Can we get a tensor out of summation of one vector with its transpose?

Question

I don't know much about tensor calculus and here is something I'm trying to figure out.

$$T=\mu({\nabla}\vec{V}+{\nabla}\vec{V}^T)$$

T is viscous stress tensor and $\vec{V}$ is the velocity vector. How do we get a tensor of rank 2 by adding a vector (gradient of velocity) to its transpose? My best guess is that the gradient of a vector is a 2nd rank tensor (though we are told in engineering schools that the gradient is only defined for scalar fields). Am I right? Am I missing something here?

Thanks.

Answer 1

If $\mathbf{v}=(v_1,v_2v_3)$ is a vector, its gradient is the matrix:

$$ \nabla \mathbf{v}= \begin{bmatrix} \frac{\partial v_1}{\partial x_1}&\frac{\partial v_1}{\partial x_2}&\frac{\partial v_1}{\partial x_3}\\ \frac{\partial v_2}{\partial x_1}&\frac{\partial v_2}{\partial x_2}&\frac{\partial v_2}{\partial x_3}\\ \frac{\partial v_3}{\partial x_1}&\frac{\partial v_3}{\partial x_2}&\frac{\partial v_3}{\partial x_3}\\ \end{bmatrix} $$ that is the so called Jacobian matrix.

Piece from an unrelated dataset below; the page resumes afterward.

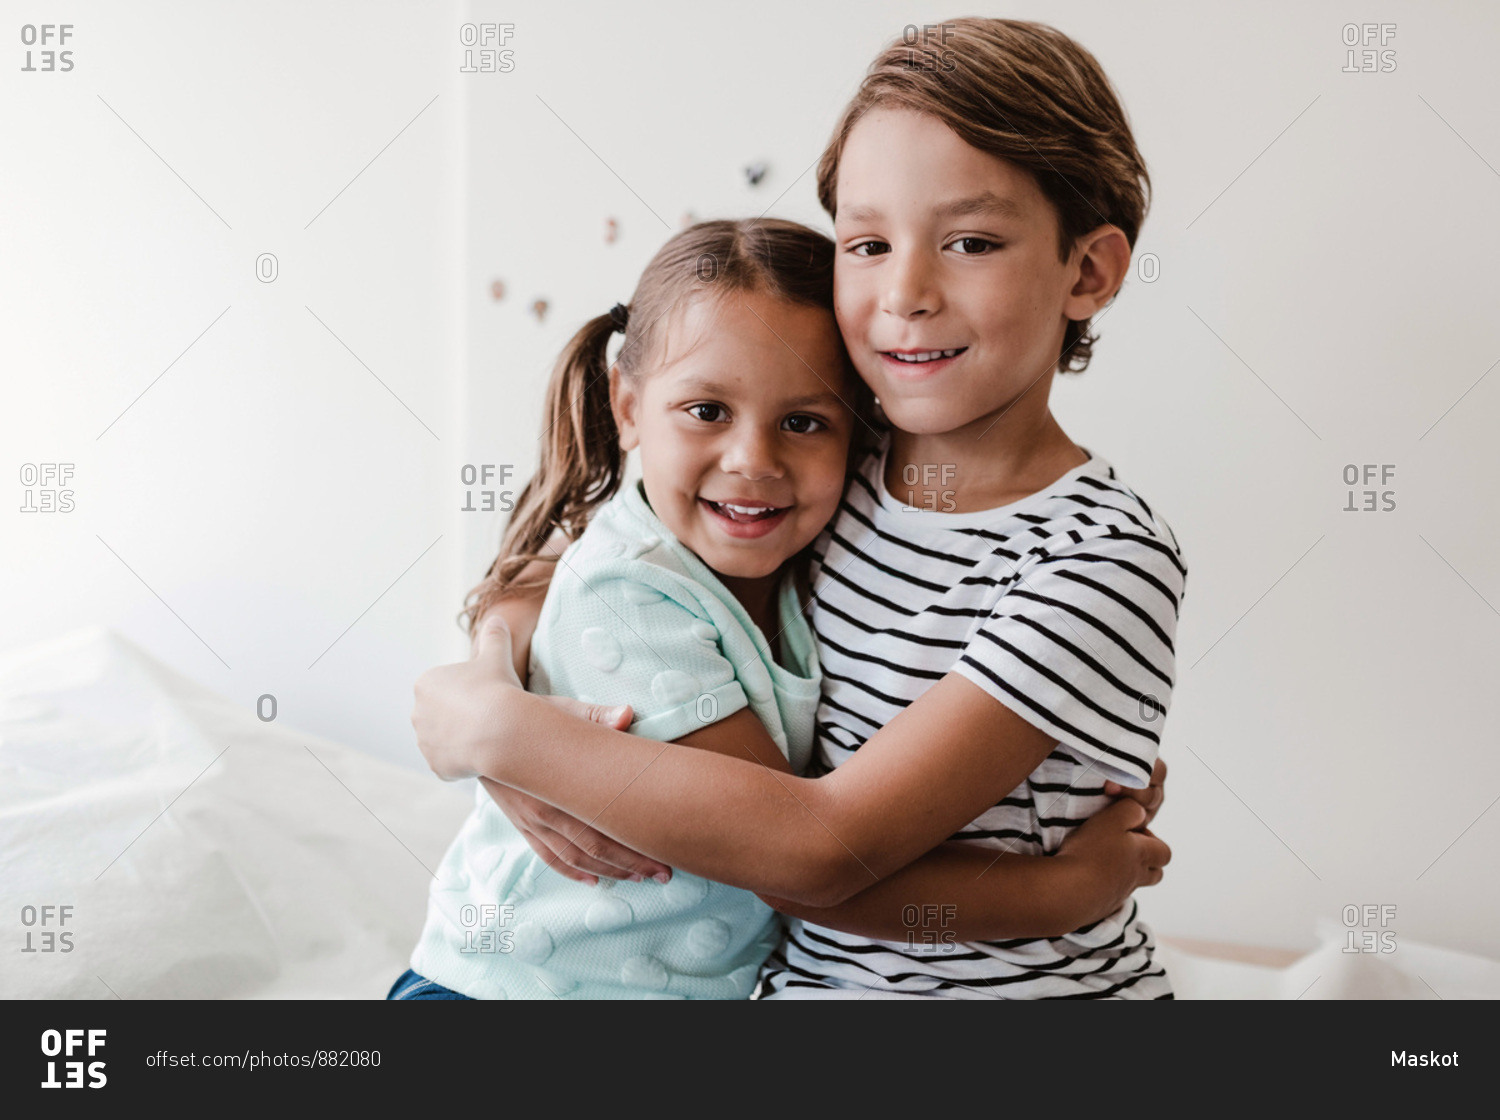 Portrait of smiling brother and sister embracing while sitting in medical examination room

Note that the elements in the $i-$row of this matrix are the components of the gradient of the $i-$componet if the vector $\mathbf{v}$.

This matrix contains all the informations about the first order changes of the vector $\mathbf{v}$ in any direction, and it transforms as a covariant tensor for linear transformation of the coordinates. But note that it is not covariant for curvilinear changes of coordinates, so it is not properly a tensor.

For a simple introduction to tensor and covariant derivative you can see here.

Answer 2

To take it a bit further than Emilio and to answer your question: $\vec{\nabla}\vec{v}$ and its transpose are already rank 2 tensors. Scalars are rank 0, vectors are rank 1 and each subsequent addition of a 'component' increases the rank by one.

The result of the addition of two rank 2 tensors is still a rank 2 tensor: $$\vec{\nabla}\vec{v} + \left(\vec{\nabla}\vec{v}\right)^T = \left[\begin{array}{ccc} \partial_{x}u & \partial_{y}u & \partial_{z}u\\ \partial_{x}v & \partial_{y}v & \partial_{z}v\\ \partial_{x}w & \partial_{y}w & \partial_{z}w \end{array}\right] + \left[\begin{array}{ccc} \partial_{x}u & \partial_{x}v & \partial_{x}w\\ \partial_{y}u & \partial_{y}v & \partial_{y}w\\ \partial_{z}u & \partial_{z}v & \partial_{z}w \end{array}\right] = \left[\begin{array}{ccc} 2\partial_{x}u & \partial_{y}u+\partial_{x}v & \partial_{z}u+\partial_{x}w\\ \partial_{x}v+\partial_{y}u & 2\partial_{y}v & \partial_{z}v+\partial_{y}w\\ \partial_{x}w+\partial_{z}u & \partial_{y}w+\partial_{z}v & 2\partial_{z}w \end{array}\right] $$

Clearly the number of 'components' are preserved and the result is a rank 2 tensor.